PPS Systematic Sampling

If you specify the METHOD=PPS_SYS option, PROC SURVEYSELECT selects the sample by using systematic random sampling with probability proportional to size. Systematic sampling selects units at a fixed interval throughout the sampling frame (or stratum) after a random start. If you request stratified sampling by specifying a STRATA statement, PROC SURVEYSELECT independently selects systematic samples from the strata. PROC SURVEYSELECT applies systematic selection to sampling units in the order of their appearance in the input data set, or in their sorted order if you specify a CONTROL statement.
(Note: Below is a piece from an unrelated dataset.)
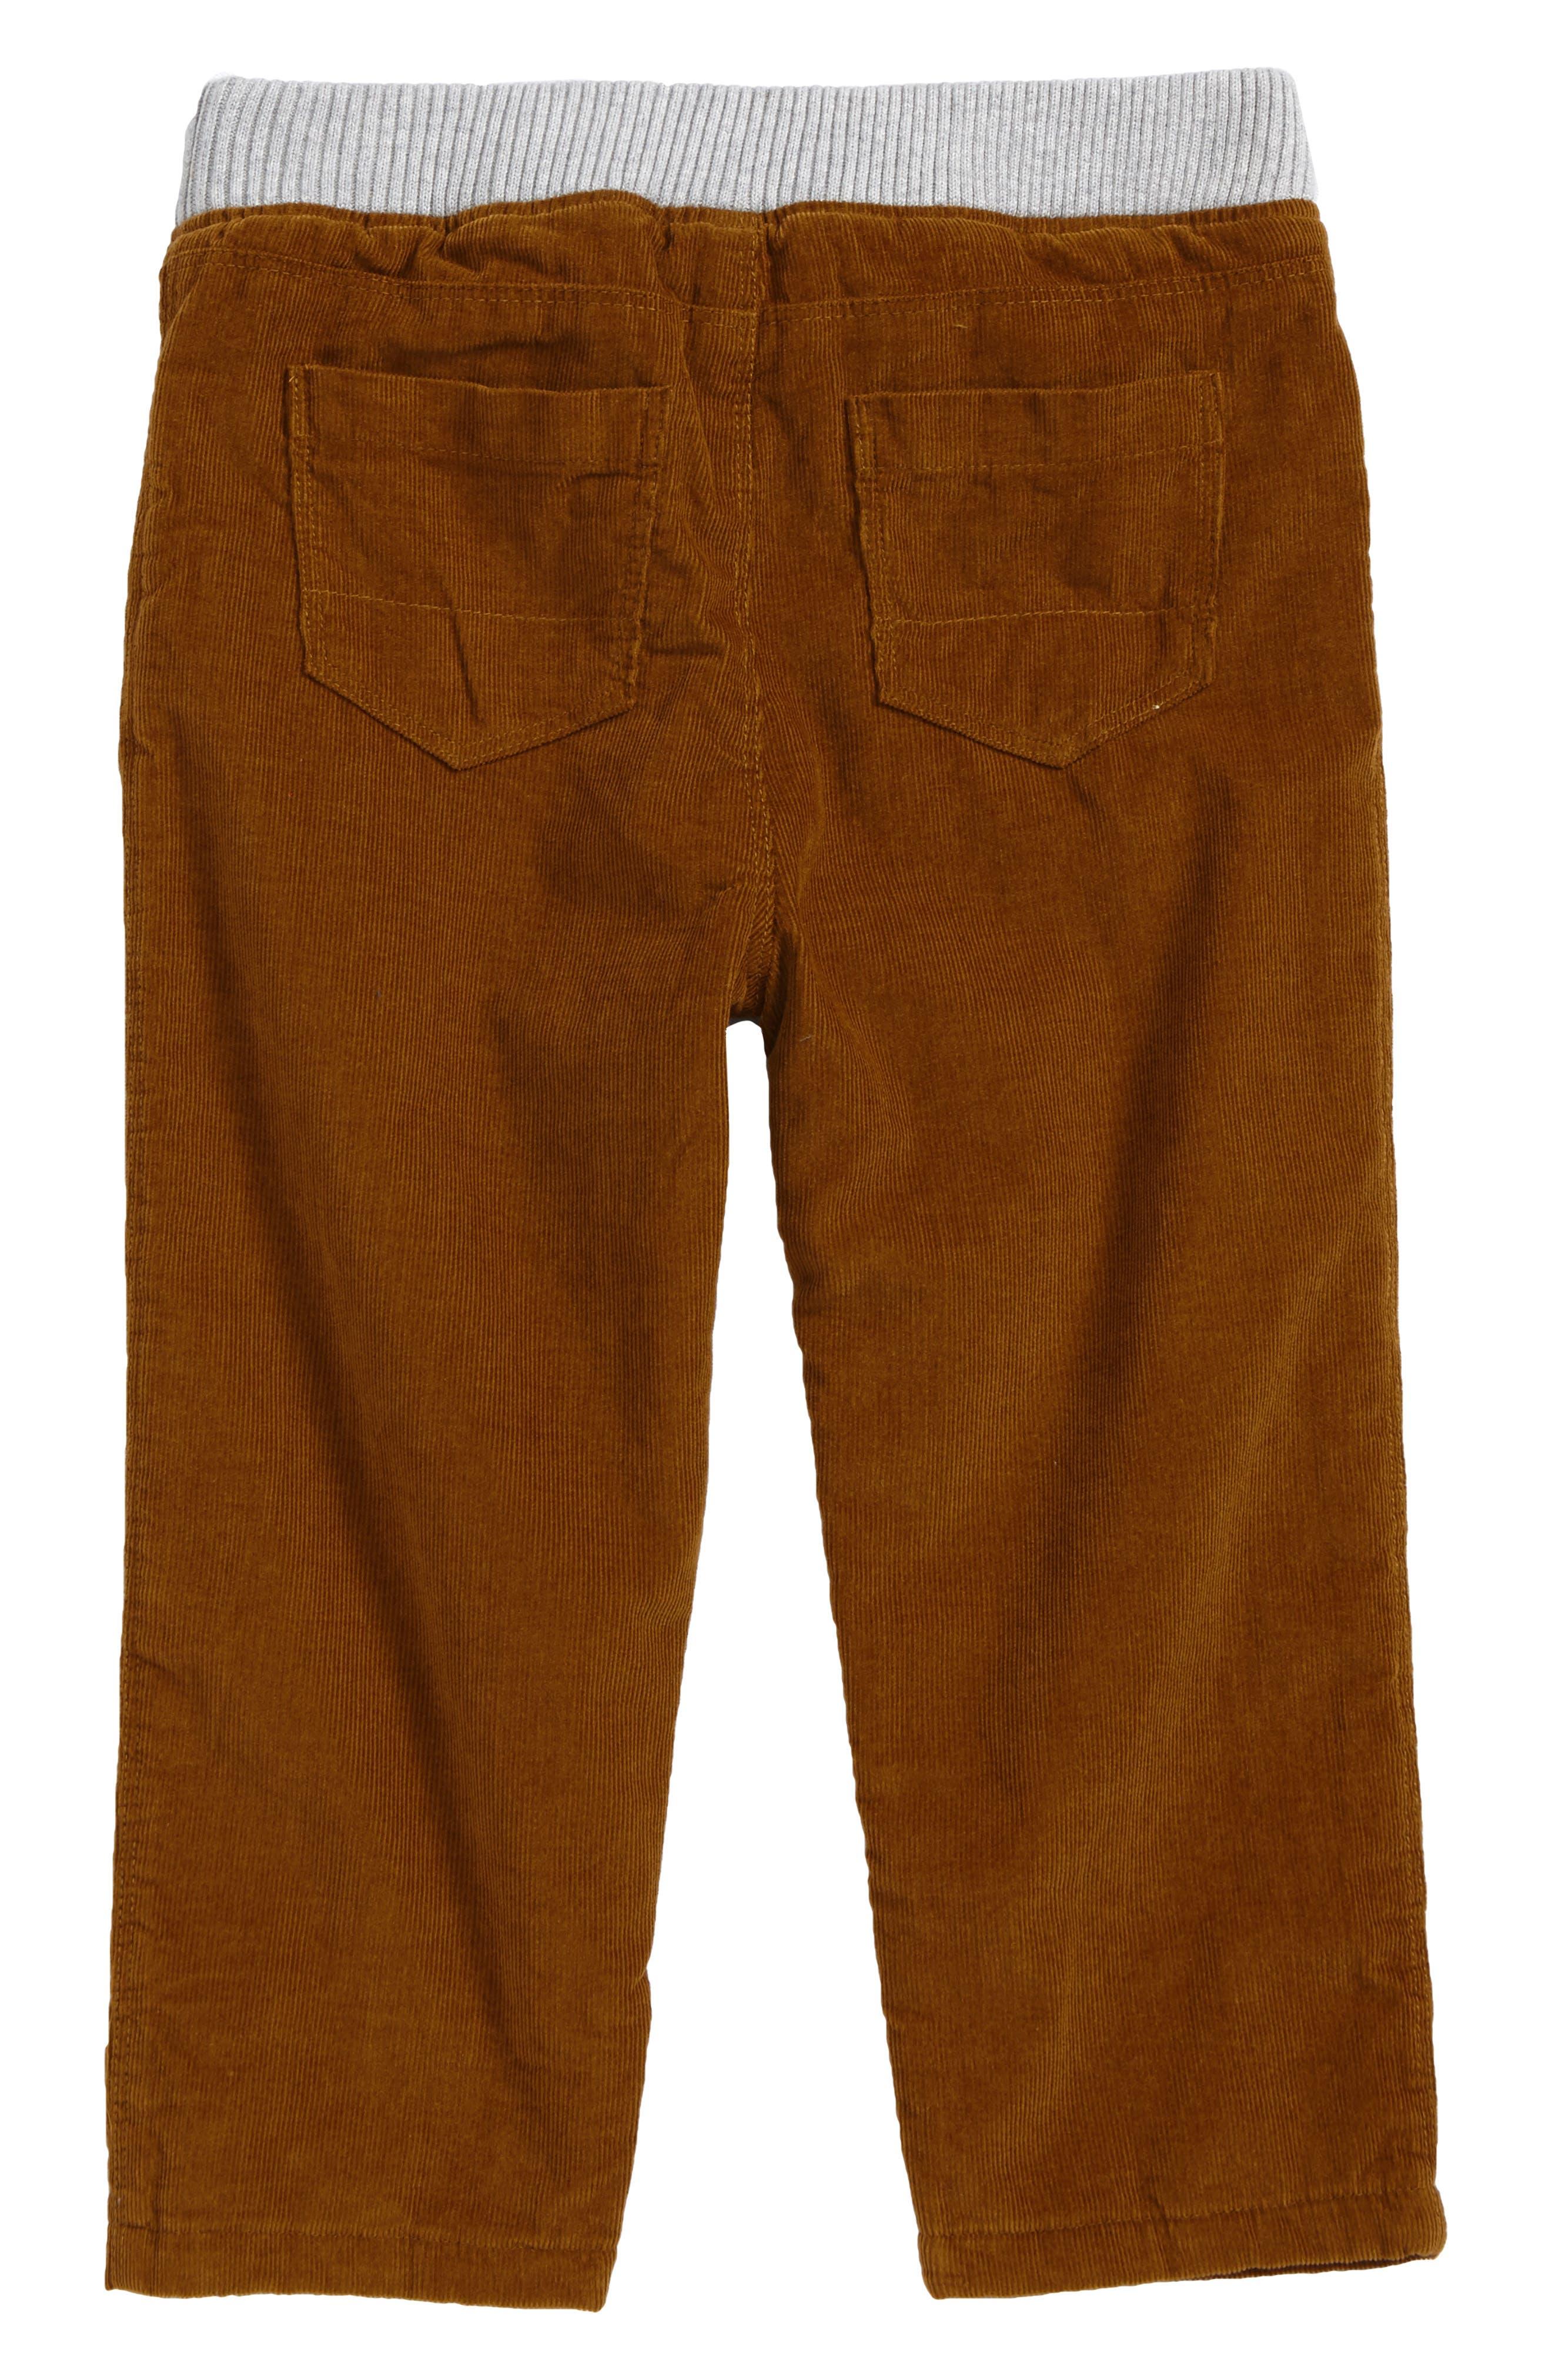 Alternate Image 2  - Tucker + Tate Corduroy Pants (Baby Boys)

When you specify the sample size in the SAMPSIZE= option, PROC SURVEYSELECT computes the systematic selection interval as the ratio of the total size to the sample size ($M/n$, or $M_{h \cdot }/ n_ h$ for stratified sampling). The procedure uses a fractional systematic interval to provide the specified sample size exactly. Depending on the sample size and the values of the size measures, it might be possible for a sampling unit to be selected more than once. The expected number of hits (selections) for unit i in stratum h is computed as $n_ h M_{hi}/M_{h \cdot } = n_ h Z_{hi}$ . For more information, see Cochran (1977, pp. 265–266) and Madow (1949).

Instead of specifying the sample size for systematic sampling, you can directly specify the systematic interval in the INTERVAL= option. When you specify the interval, PROC SURVEYSELECT computes the expected number of hits as the inverse of the interval value.

By default, PROC SURVEYSELECT randomly determines a starting value in the selection interval. Optionally, you can specify the starting value in the START= option. The random component of systematic sampling is the random selection of a starting value in the systematic interval. If you use the START= option to provide a purposely chosen (nonrandom) starting value, the resulting systematic selection does not provide a random, probability-based sample.

Systematic sampling controls the distribution of the sample by spreading the selections throughout the sampling frame (or stratum) at equal intervals and thus provides implicit stratification. You can specify a CONTROL statement to order the input data set by the CONTROL variables before sample selection. If you also specify a STRATA statement, PROC SURVEYSELECT sorts by the CONTROL variables within strata. If you do not specify a CONTROL statement, PROC SURVEYSELECT applies systematic selection to the observations in the order in which they appear in the input data set.